Page 1 of 1

Trouble with Mageia1 on HP DL320 and DL360

PostPosted: Mar 6th, '12, 08:11
by taraj
Hello,

I have a custom Mageia1 build that we use to build machines in the 'field', it is all auto install, just put dvd and select the build, use a cfg file in the i586/configs directory. It works fine on HP desktop PC, e.g. dc7700, 7800. But also have to have an build install on the HP proliant DL320 G6 and DL360G7 but i am having lots of trouble with these servers freezing during boot-up. Has anyone else successfully used them?

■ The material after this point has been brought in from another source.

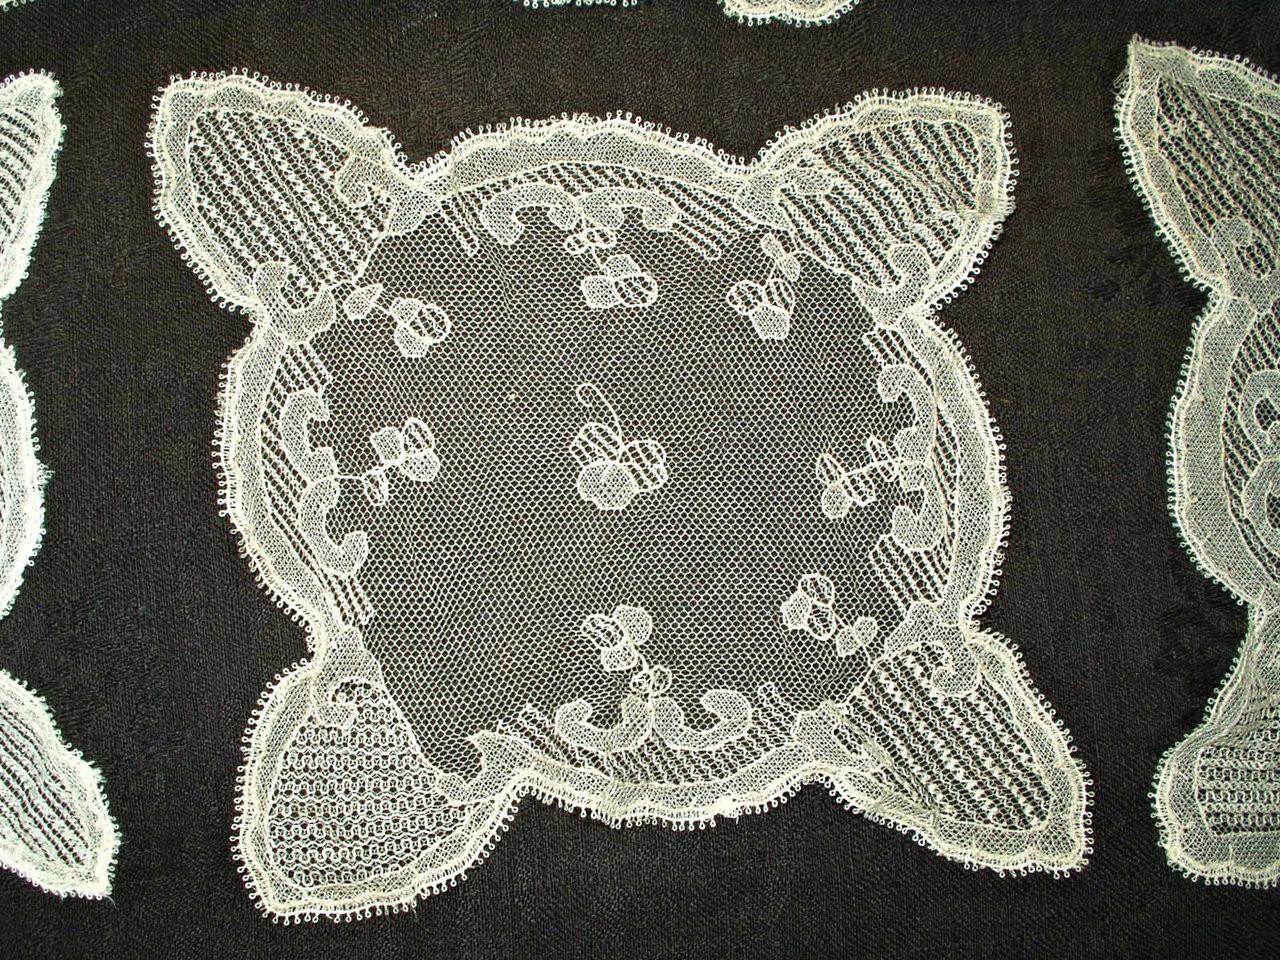 5 Antique Victorian Edwrdian Hand Irish Carrickmacross Needle Run Lace Doily Doilies

I have 2 pci cards in the DL360, one is for a matrox extio f2408 and the other is a sync serial comms card. The DL320 has no extra hardware.
We have had trouble with IRQs before but if i take the comms card out i still have the same problem.


Some of the various screen output that i get includes the following: (there is not a constant place that it always freezes) (all hand typed as can't login and in safe mode can't mount usb stick)


[end trace....]
EDAC MC:Ver 2.1.0 May 22 2011
iTCO_vendor support: vendor_support=0
udevd-work[224]: `/sbin/modprobe -bv pci:....... unexpected exit with status 0x0009`


EDAC i7core: Driver Loaded
iTCO_wdt: Intel TCO watchdog timer driver v1.06
unable to reset NO_REBOOT flag, device disabled by hardware/BIOS



udevd-work[170] worker [228] failed while handling /devices/pci .... 4/0000:02:00.2

This 02:00.2 is "system peripheral: Hewlett-packard company iLO3 management processor support and messaging"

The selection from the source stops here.